STORED DATA |
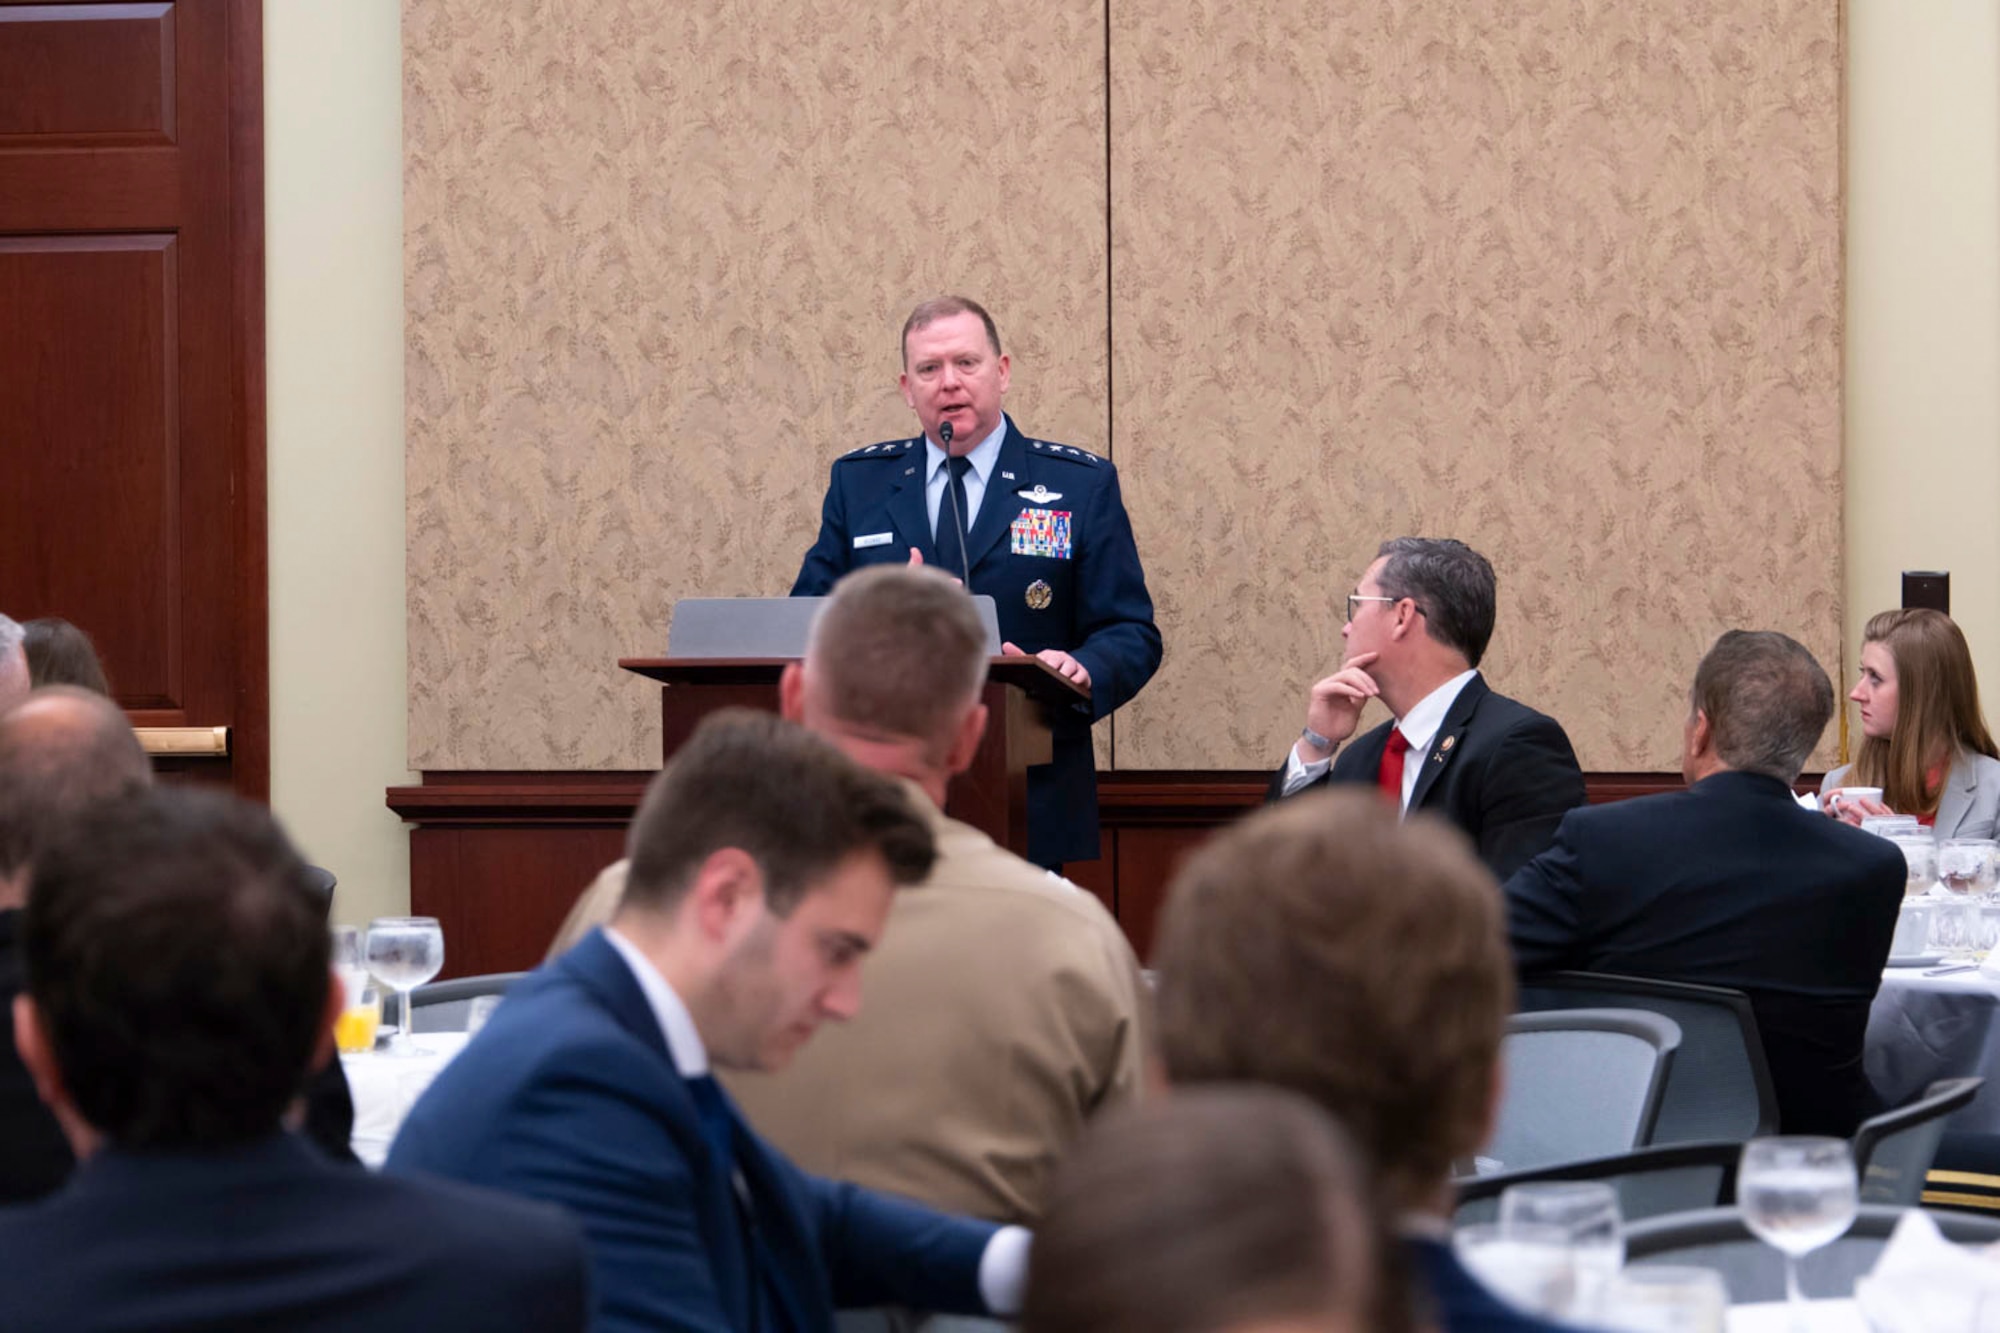 Lt. Gen. Richard W. Scobee, Chief of Air Force Reserve, Headquarters U.S. Air Force, Washington, D.C., and Commander, Air Force Reserve Command, Robins Air Force Base, Georgia, speaks to the audience at the House National Guard and Reserve Component Caucus Breakfast at the U.S. Capitol, Washington D.C., April 30, 2019. Senior leaders from each component discussed their top issues and Scobee highlighted the importance of retaining Airmen in today’s Air Force Reserve. (U.S. Air Force photo by SrA Andreaa Phillips)
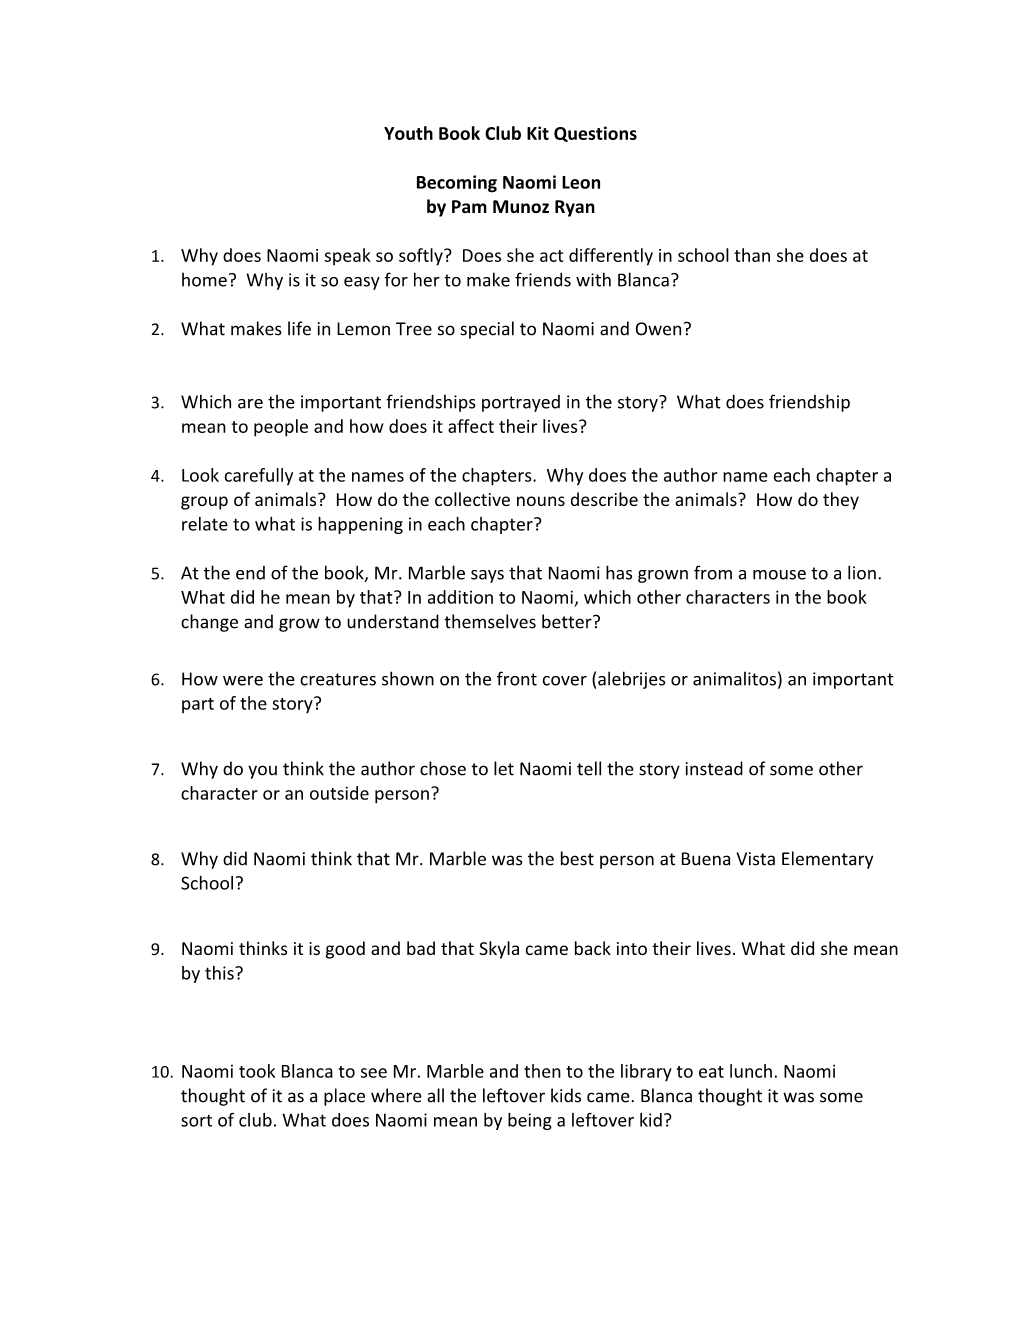 Youth Book Club Kit Questions s2
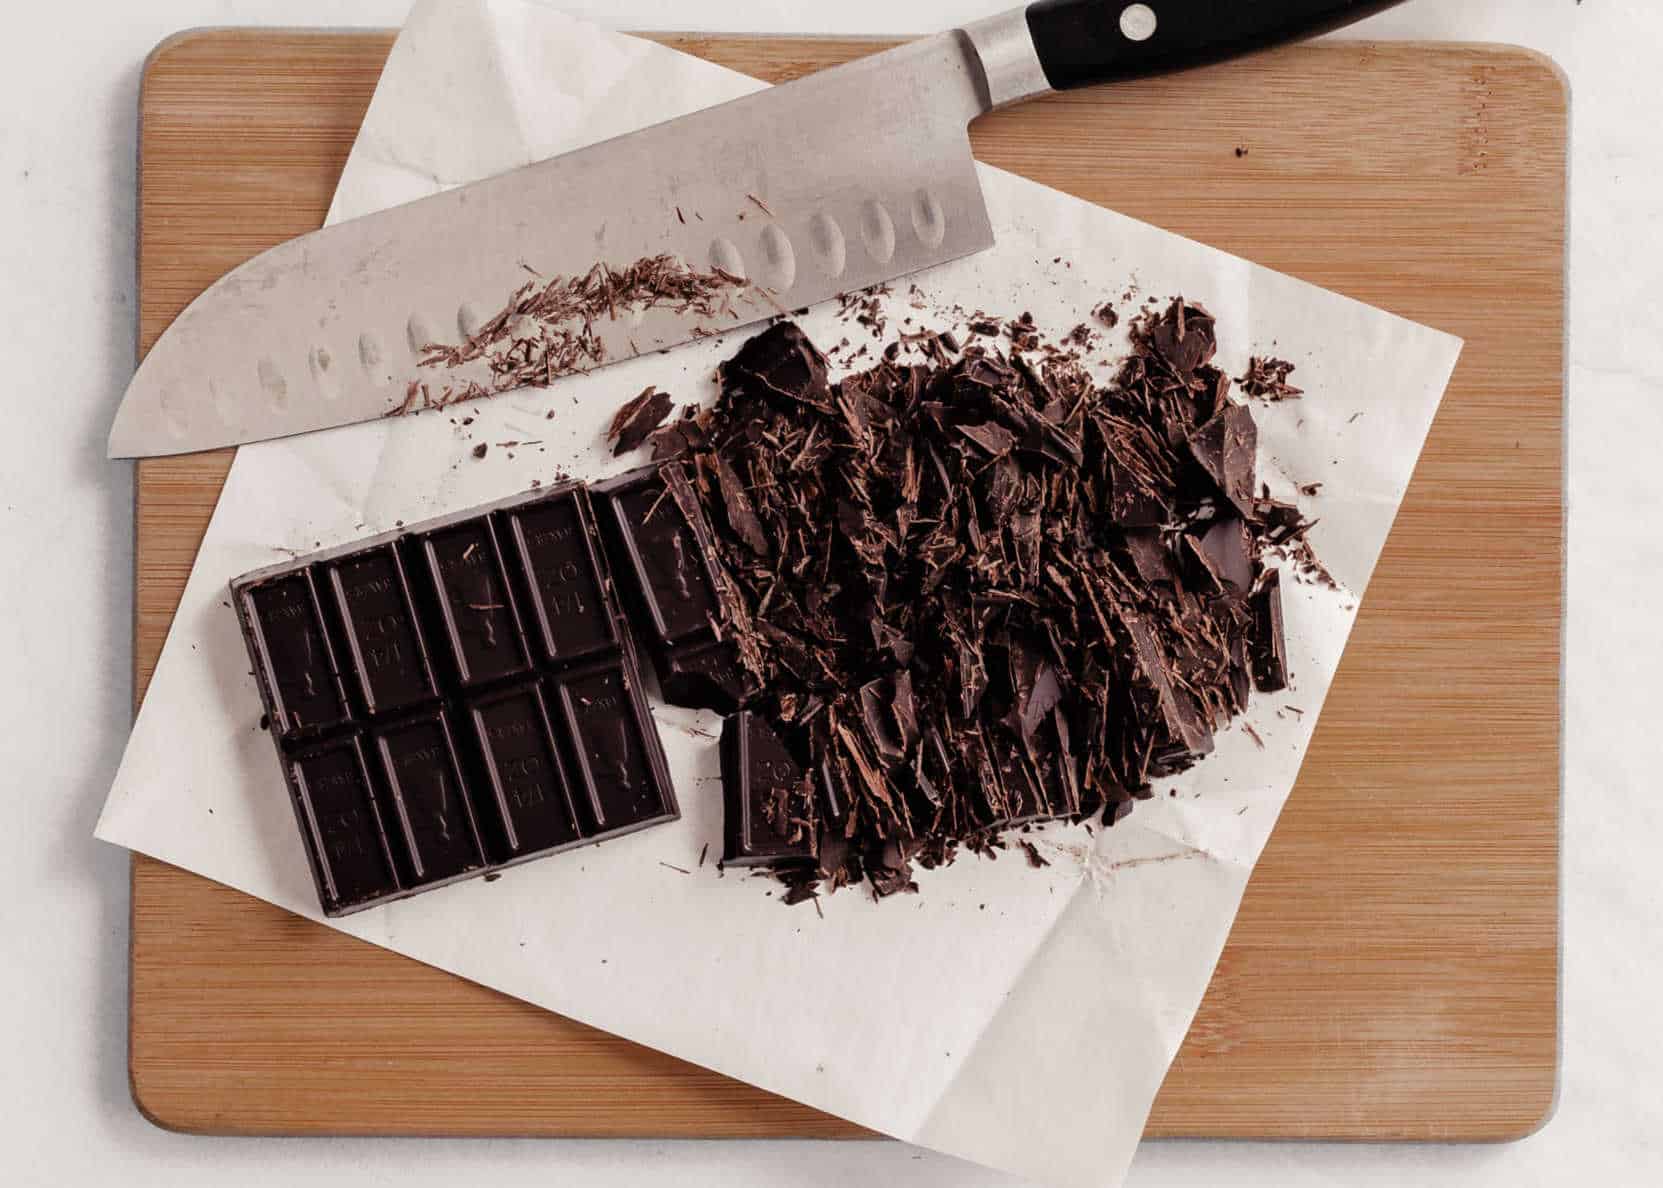 baking chocolate bar on wood board, chopped up with big knife.

ASSIGNMENT | Please copy the data above character for character, skipping any pictures.

SOLVED PROBLEM |
 Lt. Gen. Richard W. Scobee, Chief of Air Force Reserve, Headquarters U.S. Air Force, Washington, D.C., and Commander, Air Force Reserve Command, Robins Air Force Base, Georgia, speaks to the audience at the House National Guard and Reserve Component Caucus Breakfast at the U.S. Capitol, Washington D.C., April 30, 2019. Senior leaders from each component discussed their top issues and Scobee highlighted the importance of retaining Airmen in today’s Air Force Reserve. (U.S. Air Force photo by SrA Andreaa Phillips)
 Youth Book Club Kit Questions s2
 baking chocolate bar on wood board, chopped up with big knife.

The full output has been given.